* [GOAL OF THE EXERCISE]: Retype each line below precisely and omit all images.

* [DATA SEGMENT]:

+++++

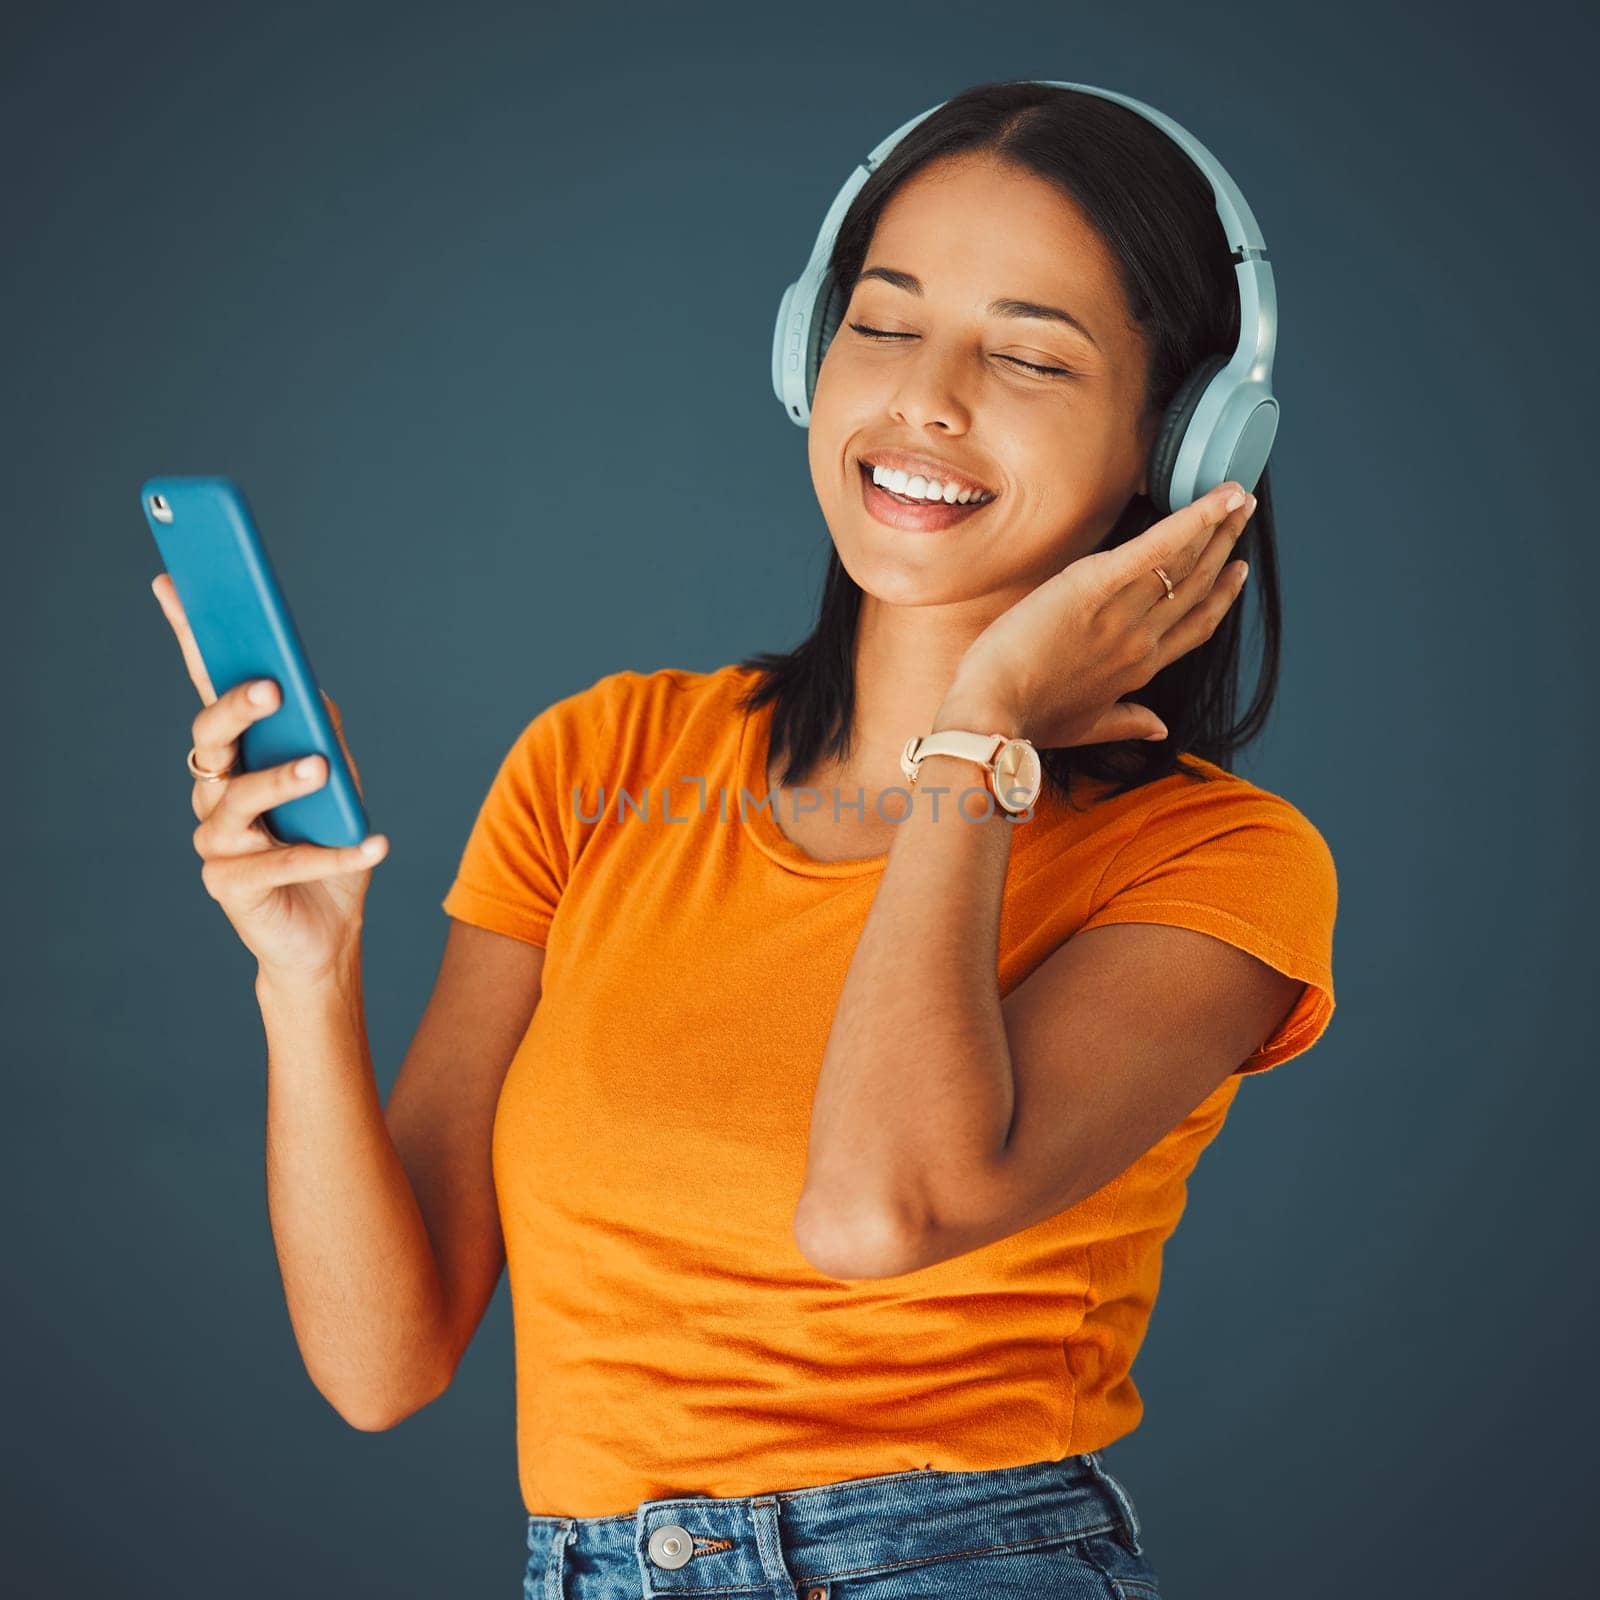 Radio, headphones and woman listening to music on phone or mobile app isolated against a studio background. Fun, sound and female enjoying and streaming a podcast or audio smiling and happy by YuriArcurs
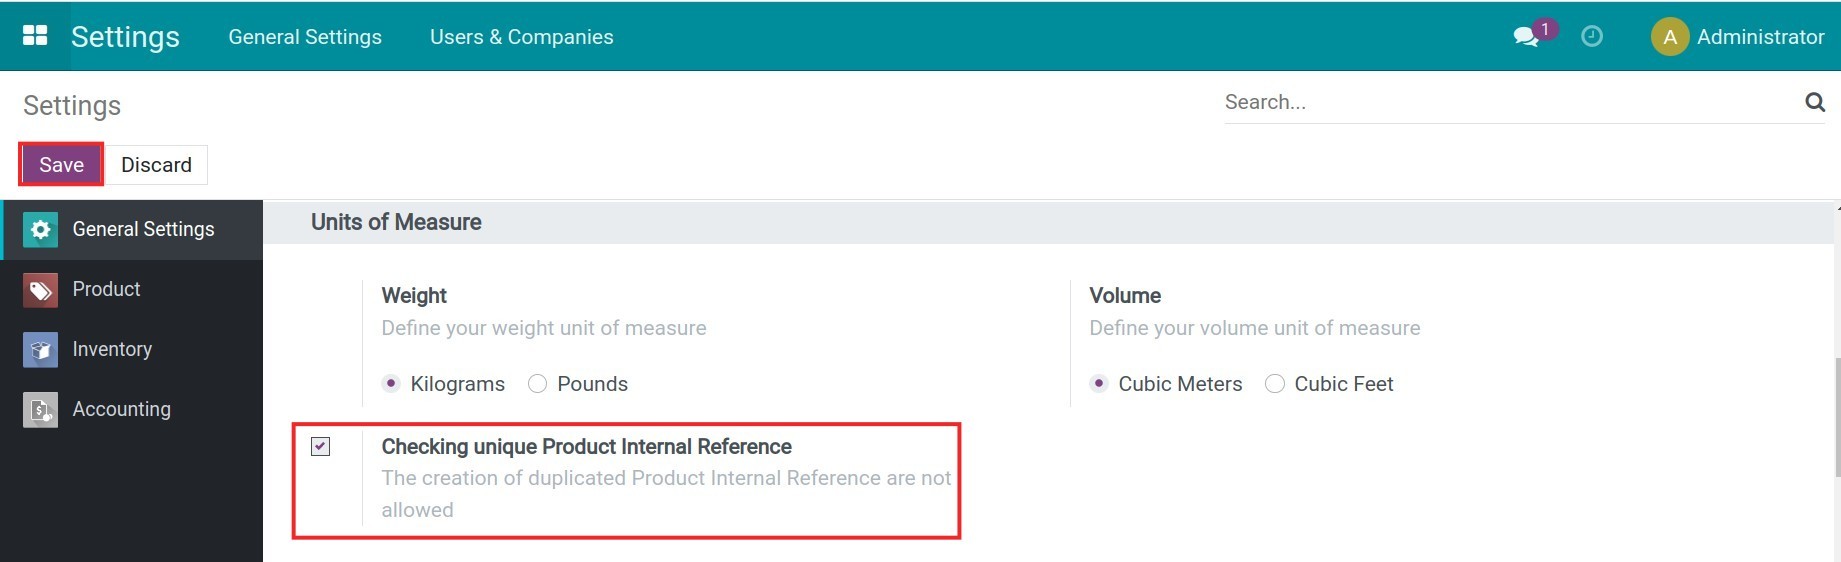 Enable checking unique Product Internal Reference
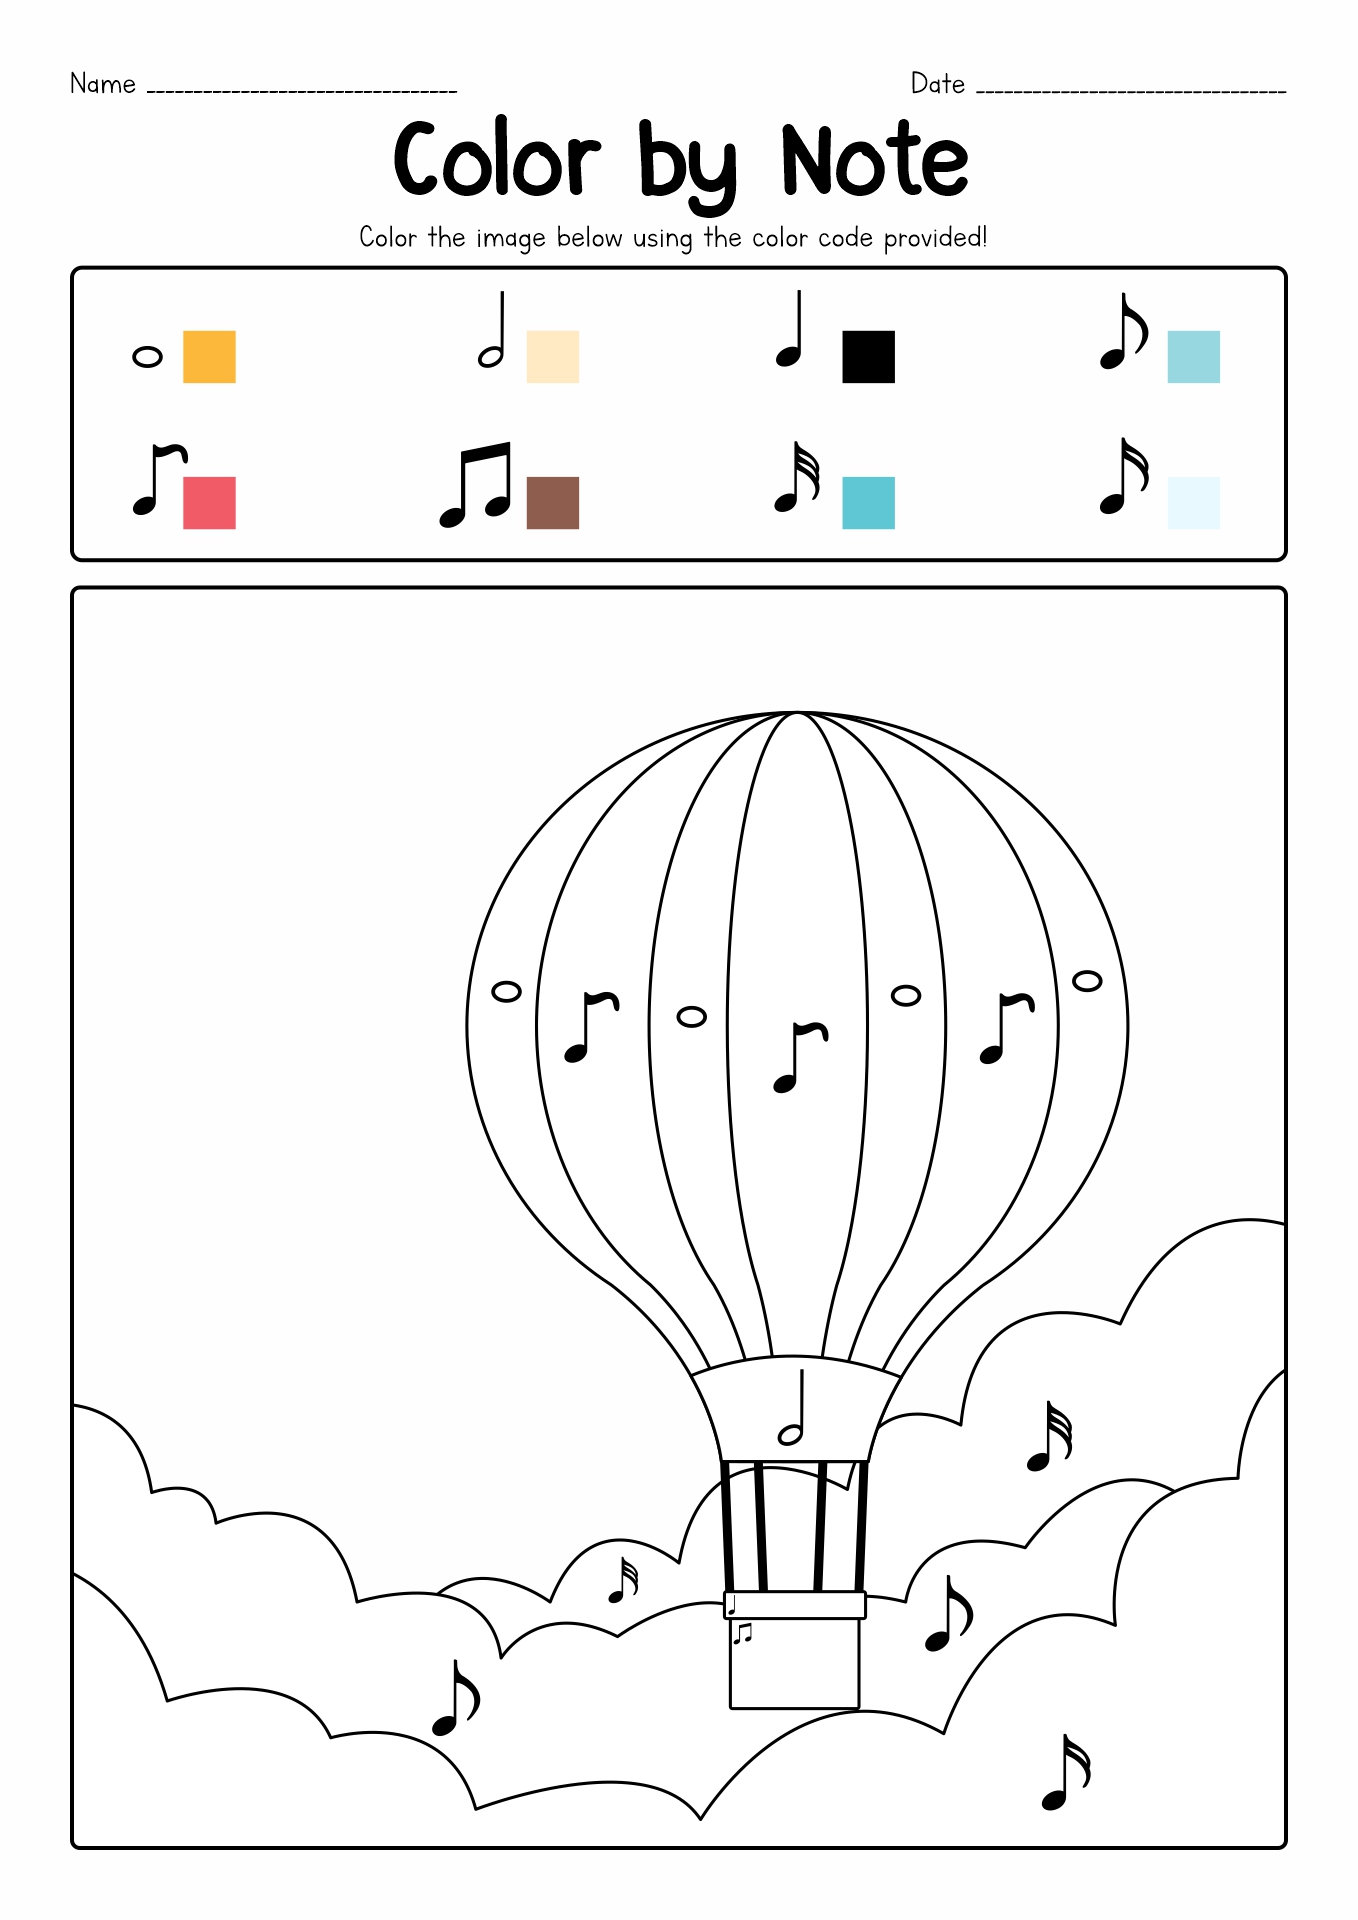 Quarter Music Notes to Color Image

+++++

* [WRITTEN RESPONSE]:
 Radio, headphones and woman listening to music on phone or mobile app isolated against a studio background. Fun, sound and female enjoying and streaming a podcast or audio smiling and happy by YuriArcurs
 Enable checking unique Product Internal Reference
 Quarter Music Notes to Color Image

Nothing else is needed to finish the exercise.